TO DO: In the entries below, find the line with "Sexy and sweet" and the line with "#tatyanamerenyuk #bridal #handmade". Return those two lines and all lines between them, exactly.

GIVEN DATA:
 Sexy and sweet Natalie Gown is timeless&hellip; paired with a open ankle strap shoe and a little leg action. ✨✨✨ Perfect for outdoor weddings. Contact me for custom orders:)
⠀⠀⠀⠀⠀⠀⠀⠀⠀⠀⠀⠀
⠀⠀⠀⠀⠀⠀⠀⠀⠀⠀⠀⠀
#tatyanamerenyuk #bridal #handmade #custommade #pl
---
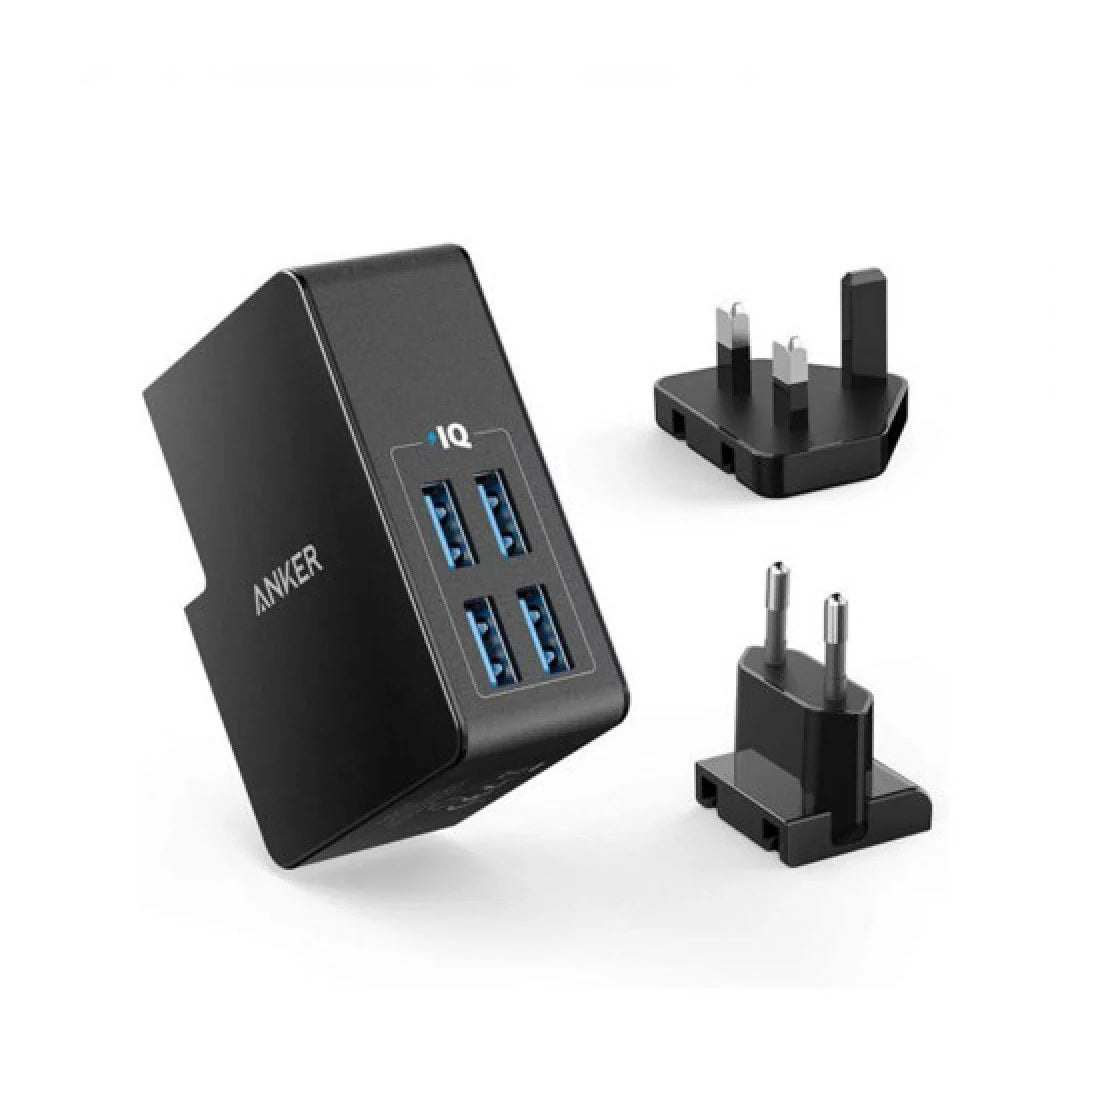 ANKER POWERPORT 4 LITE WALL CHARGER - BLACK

RESPONSE BELOW:
 Sexy and sweet Natalie Gown is timeless&hellip; paired with a open ankle strap shoe and a little leg action. ✨✨✨ Perfect for outdoor weddings. Contact me for custom orders:)
⠀⠀⠀⠀⠀⠀⠀⠀⠀⠀⠀⠀
⠀⠀⠀⠀⠀⠀⠀⠀⠀⠀⠀⠀
#tatyanamerenyuk #bridal #handmade #custommade #pl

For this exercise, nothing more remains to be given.